Frame structure wrt calls from the engine

(eng) SCR_UpdateScreen()
- (eng) V_PreRender()
  - (ref) R_BeginFrame()
- (eng) V_RenderView()
  - (ref) GL_BackendStartFrame() -- ref_gl only sets speeds string to empty here
    - (eng) loop over ref_params_t views
      - (ref) GL_RenderFrame()
    - (eng) ??? SV_DrawDebugTriangles()
  - (ref) GL_BackendEndFrame() -- ref_gl only produces speeds string here
- (eng) V_PostRender()
  - (ref) R_AllowFog(), R_Set2DMode(true)
  - (ref) R_DrawTileClear() x N
  - (vgui) Paint() -> ???
  - (eng) SCR_RSpeeds()
    - (ref) R_SpeedsMessage()
    - (eng) CL_DrawString() ...
      - (ref) GL_SetRenderMode()
        
        (ref) RefGetParm() for texture resolution
        
        (ref) Color4ub()
        
        (ref) R_DrawStretchPic()
  - (eng) SRC_DrawNetGraph()
    - (ref) many TriApi calls -- 2D usage of triapi. we were not ready for this (maybe track R_Set2DMode()?)
  - (ref) R_ShowTextures() kekw
  - (ref) VID_ScreenShot()
  - (ref) R_AllowFog(true)
  - (ref) R_EndFrame()

Staging and multiple command buffers

We want to get rid of extra command buffers used for staging (and building blases). That would mean tying any command-buffer related things in there to framectl. However, there are several staging cmdbuf usages which are technically out-of-band wrt framectl: 0. Staging data can get full, which requires sync flush: filling cmdbuf outside of frame (or while still building a frame), submitting it and waiting on it.

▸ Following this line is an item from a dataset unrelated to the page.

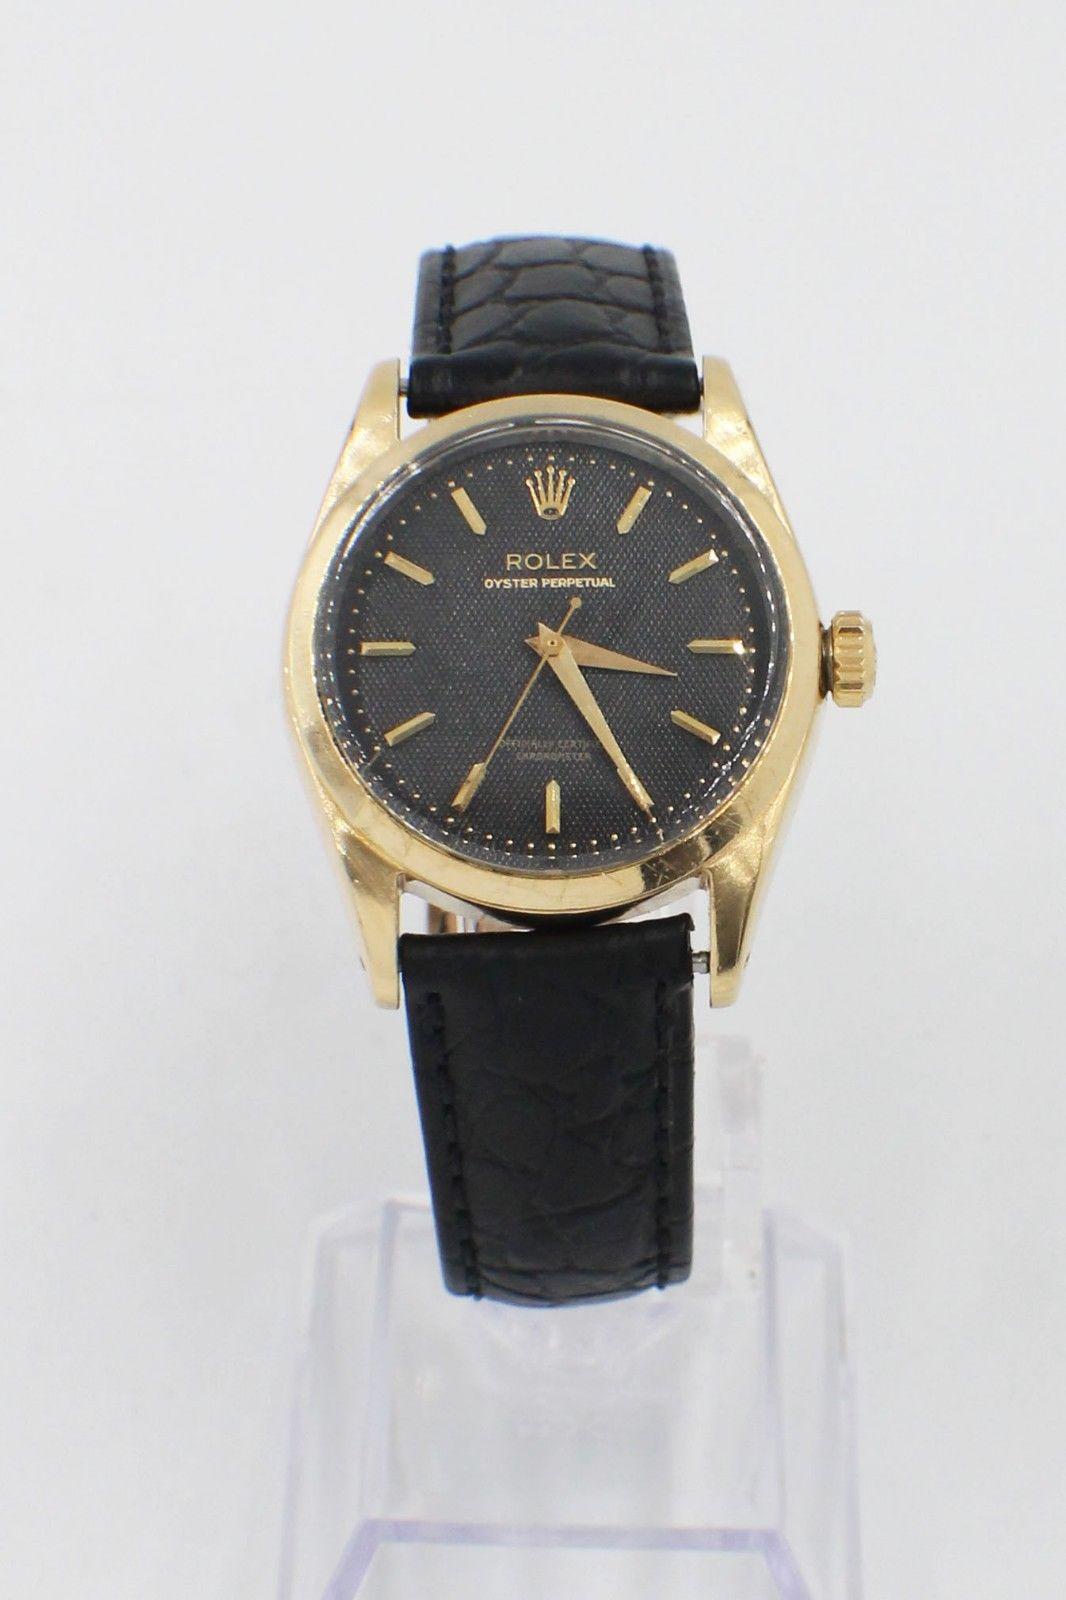 Vintage Rolex 6634 Oyster Perpetual 14 Karat Yellow Gold Capped, 1942 3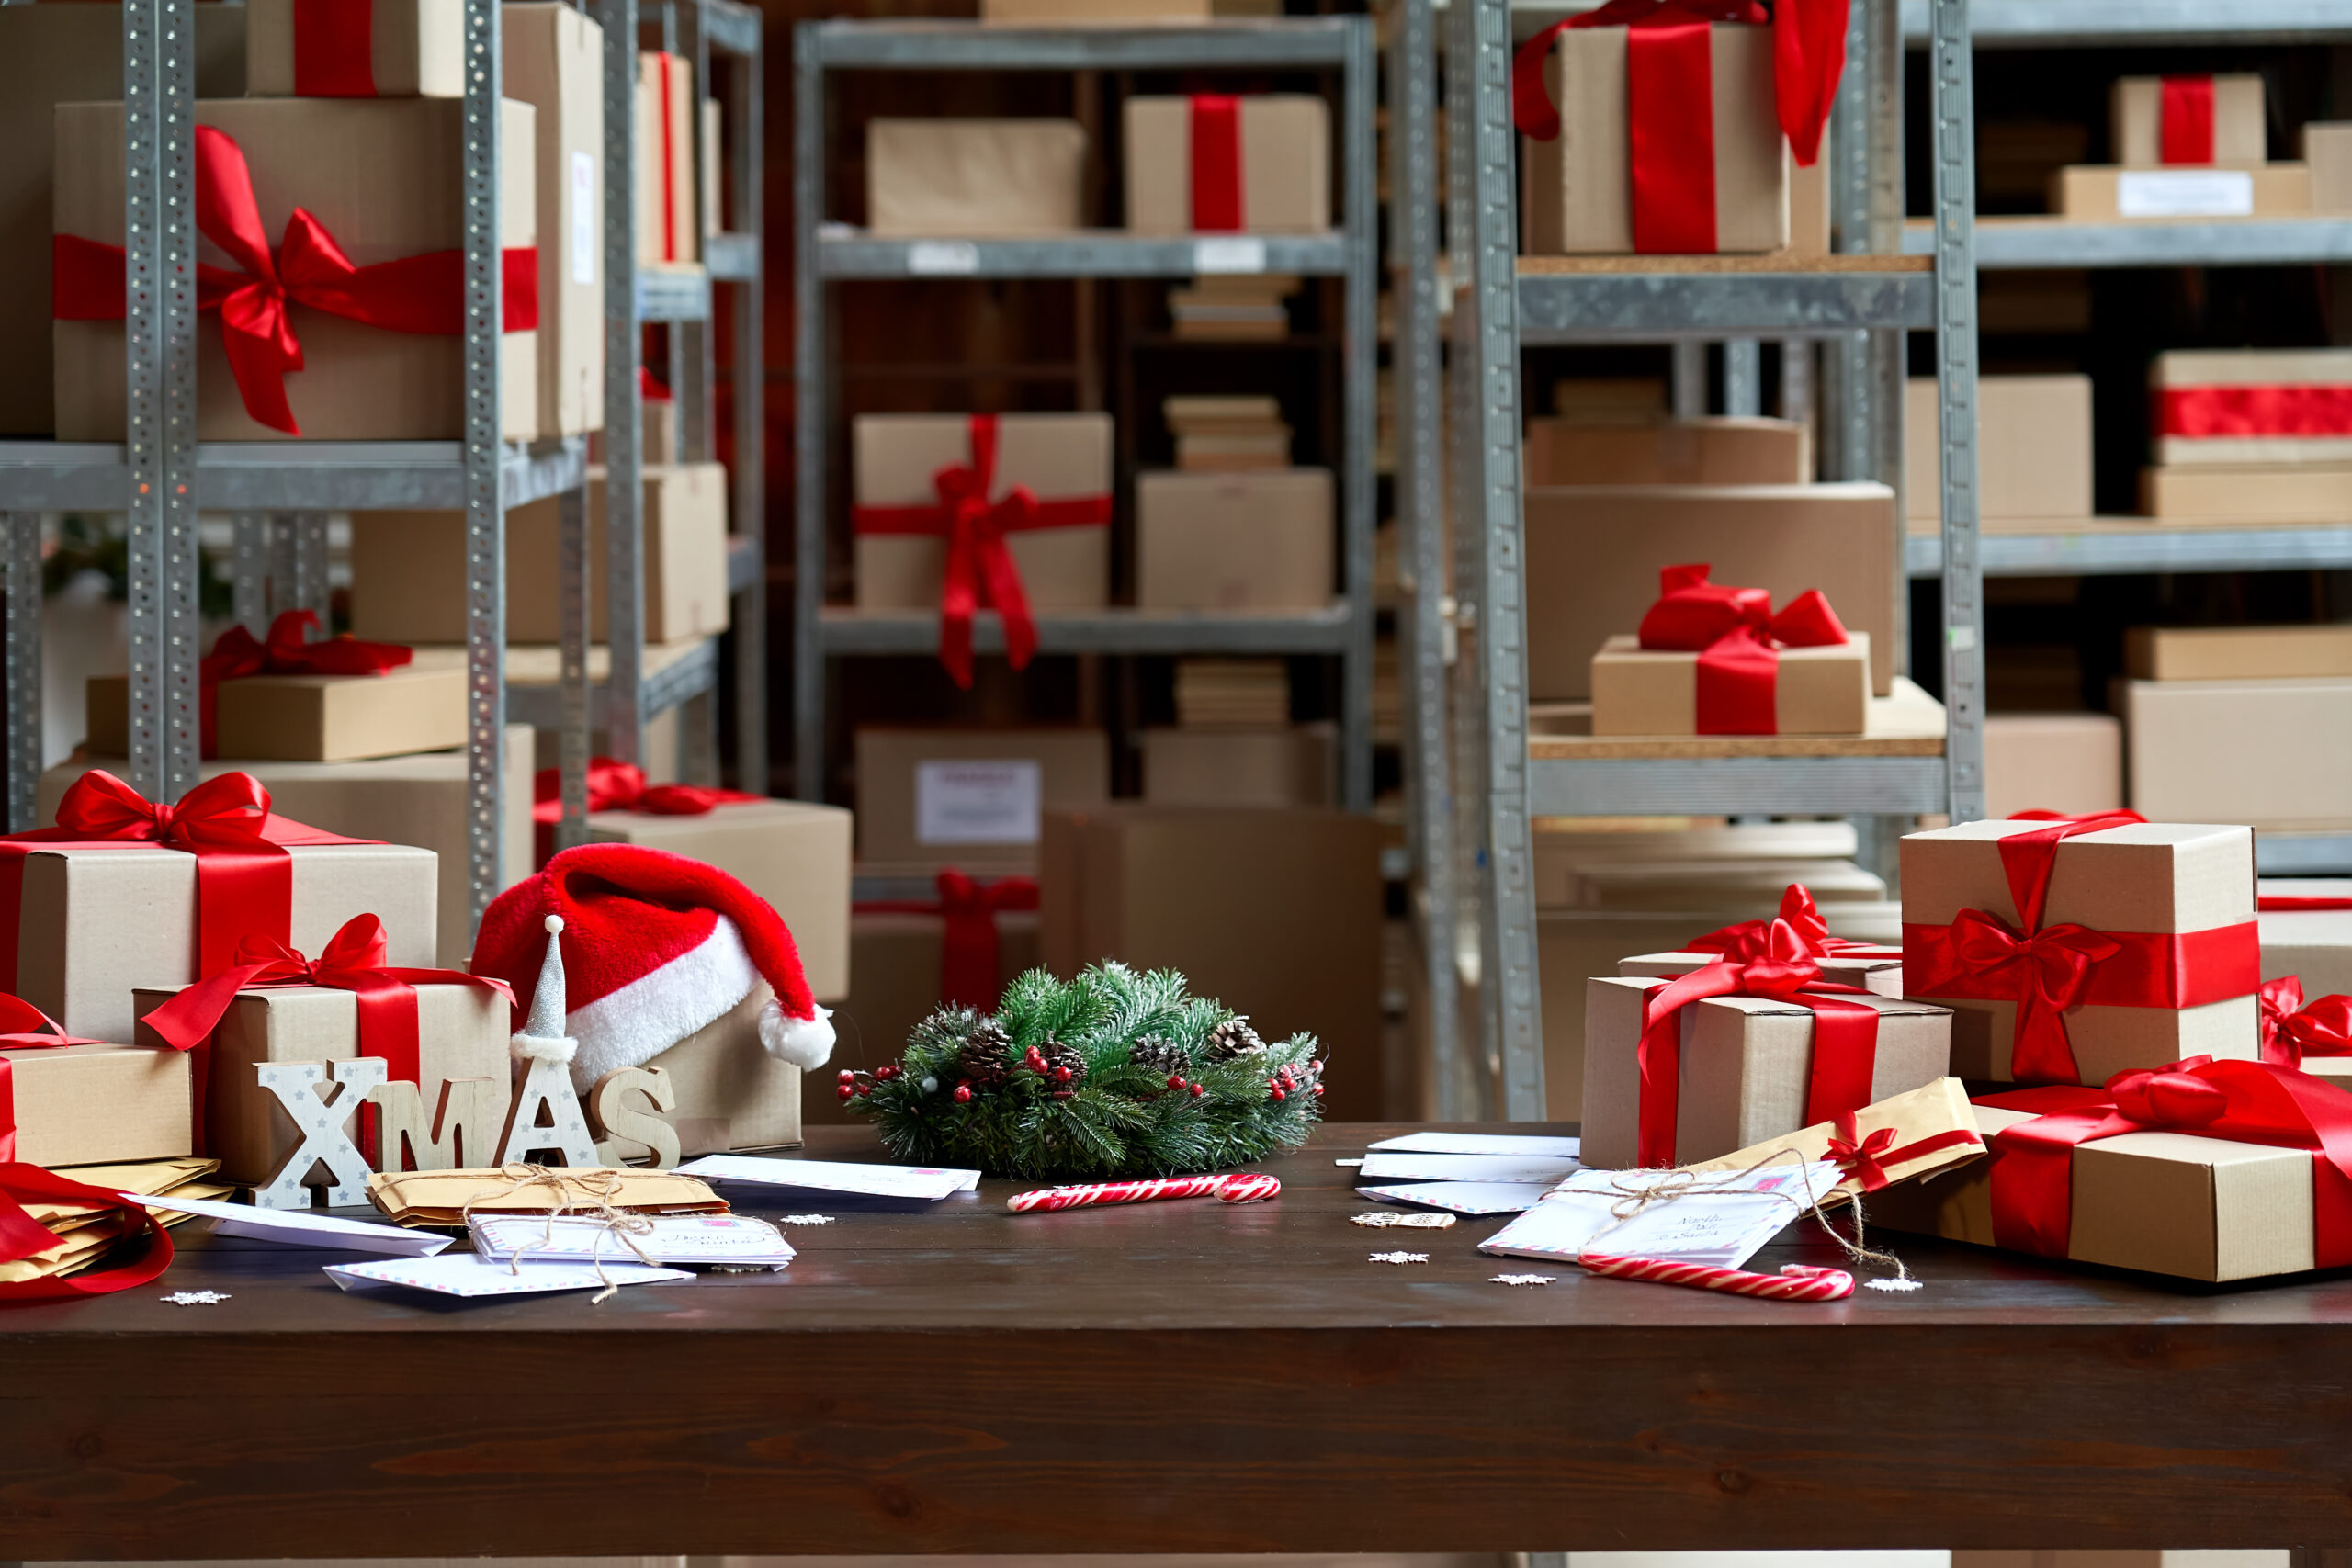 Decorated,Merry,Christmas,Table,With,Gifts,Boxes,In,Warehouse,Interior

Texture uploading. There's an explicit usage of staging cmdbuf in vk_texture to do layout transfer. This layout transfer can be moved to staging itself.
BLAS building. Creating a ray model uploads its geometry via staging and then immediately builds its BLAS on the same staging cmdbuf. Ideally(?), we'd like to split BLAS building to some later stage to do it in bulk.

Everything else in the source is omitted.